Faisant suite à la loi d'avenir agricole, les juristes s'inquiètent des nouveaux pouvoirs accordés à la Safer. En particulier son droit de préemption lors de la vente de la totalité des parts ou actions d'une société.
Le texte dispose en effet que les Safer peuvent « exercer leur droit de préemption en cas d'aliénation à titre onéreux de la totalité des parts ou actions d'une société ayant pour objet principal l'exploitation ou la propriété agricole, lorsque l'exercice de ce droit a pour objet l'installation d'un agriculteur ».
Problème : « En quoi le marché des cessions d'exploitation, sans vente de foncier, répond-t-il à l'objectif légal des Safer ? Et comment sera gérée l'entreprise durant la période de détention des parts sociales ? », s'est interrogé Me Denis Guerard, avocat à Beauvais, lors d'un colloque organisé par l'antenne picarde de l'Association française de droit rural (AFDR), le 19 septembre 2014 à Eu (Seine-Maritime). En outre, « l'exercice de ce droit de préemption prime-t-il les règles du contrat de société qui soumettent la cession des parts sociales à l'agrément de tous les associés ? » Quant au sort des Gaec et des EARL, qui ne peuvent accueillir que des associés personnes physiques, « la Safer devra envisager une transformation en sociétés civiles de droit commun, ou agir par voie de substitution d'acquéreurs », préconise l'avocat.
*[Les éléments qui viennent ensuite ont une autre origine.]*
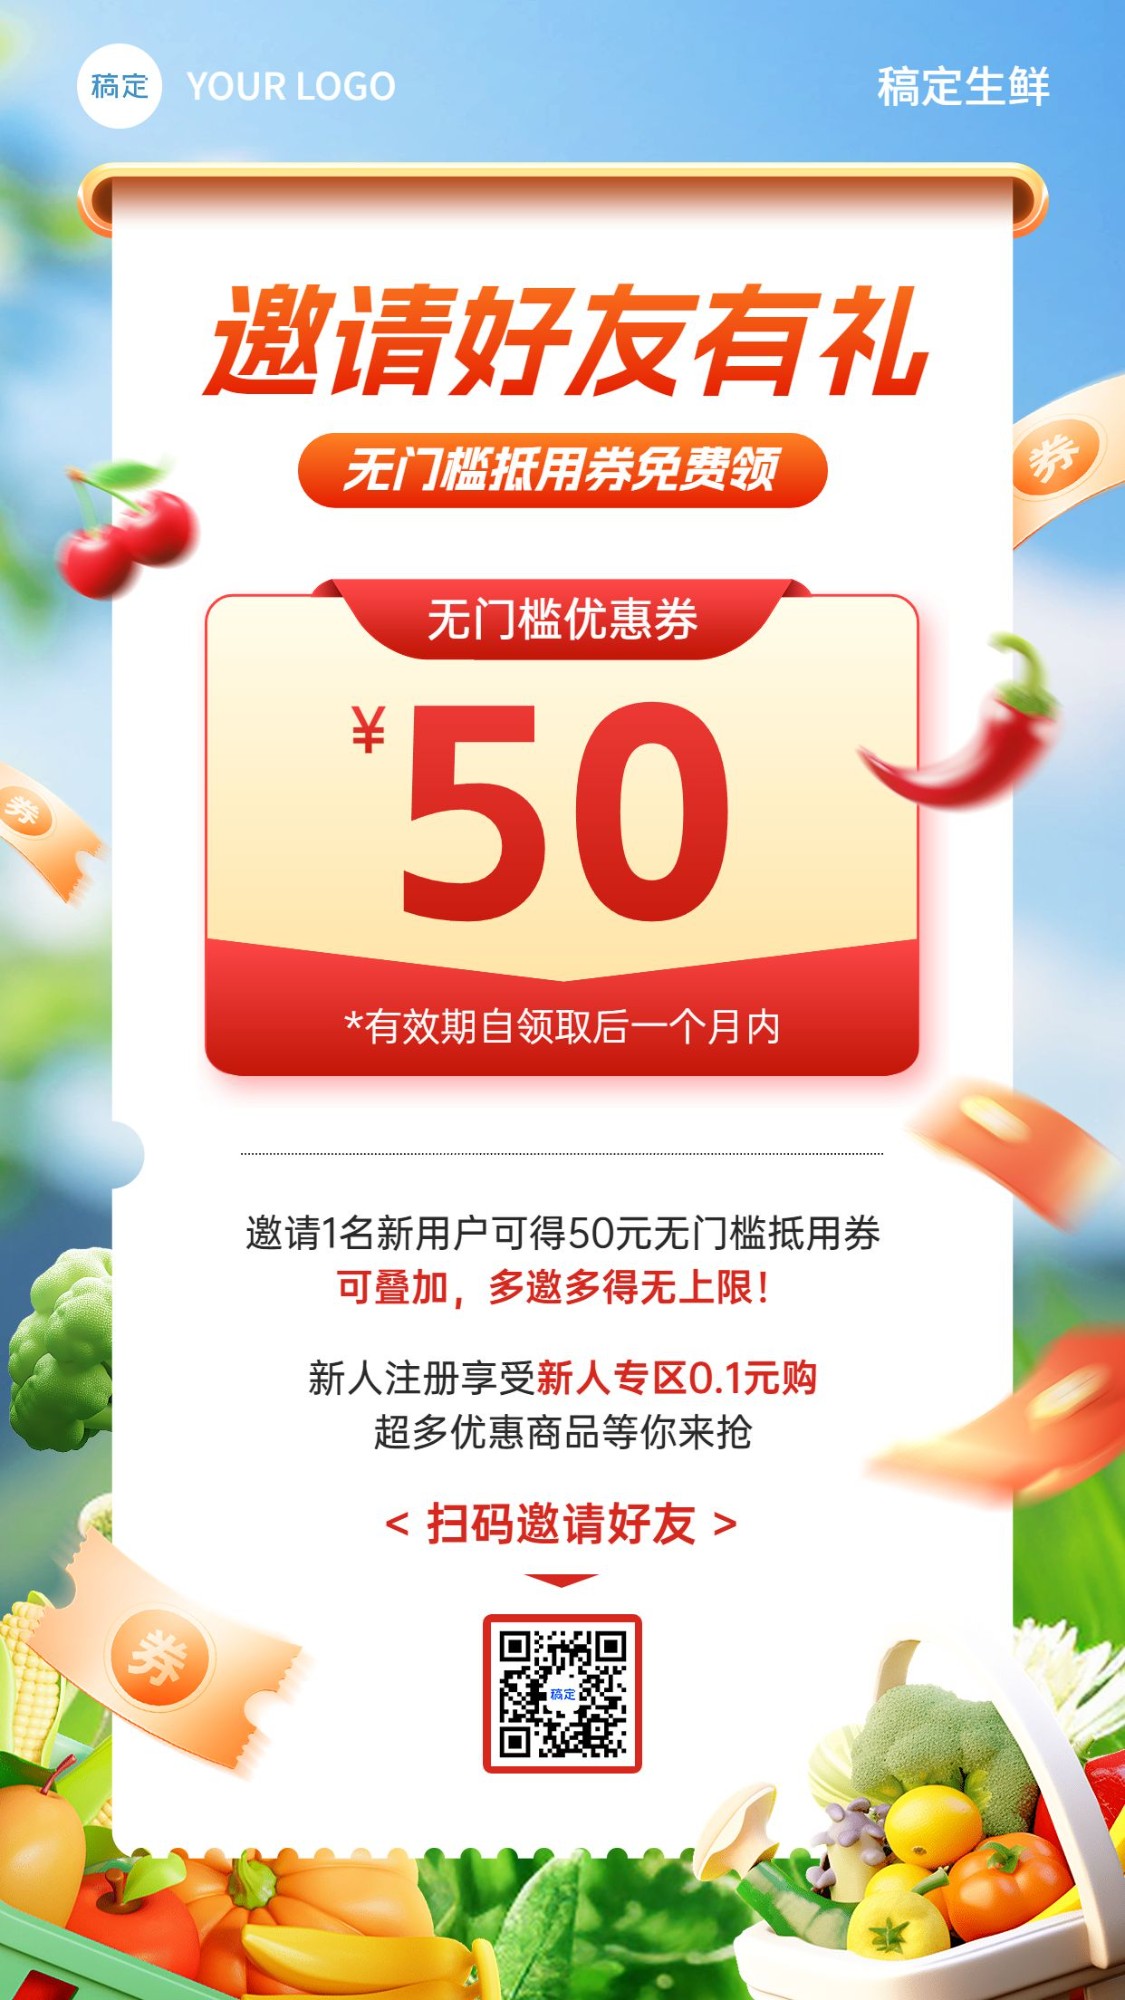 食品生鲜邀请好友活动宣传3D实景手机海报

Autant de zones d'ombre ignorées par le législateur...
La vente de 99 % des parts, au lieu de la totalité, sera-t-elle un moyen de contourner la loi ? « Non, estime Me Denis Guerard, car la Safer pourra toujours agir en nullité sur la base de la fraude... »
Recours constitutionnel
Présent lors de ce même colloque, Stéphane Hamon, directeur de la Safer de la Basse-Normandie, a tenté de rassurer les participants en rappelant que son institution dispose depuis 1999 de la possibilité d'acquérir à l'amiable des parts sociales. « C'est pour mieux contrôler le marché que le législateur a permis de préempter sur la totalité », a-t-il justifié, tout en reconnaissant la nécessité de préciser les modalités d'application d'un tel pouvoir, au regard du grand flou qui l'entoure.
Il est à noter que le groupe de l'UMP à l'Assemblée nationale a saisi le Conseil constitutionnel pour dénoncer ce nouveau droit de préemption, en avançant notamment « le risque de contraindre les associés et le rétrocessionnaire qui sera choisi par la Safer de s'associer, en méconnaissance du principe de l'affectio societatis qui est un élément essentiel de la liberté contractuelle ». Un argument qui ne laisse aucune chance au recours d'aboutir, selon Me Denis Guerard, puisque la mesure porte sur la vente de la totalité des parts sociales, et non sur leur partage. Etonnant raté de la part des élus de l'opposition !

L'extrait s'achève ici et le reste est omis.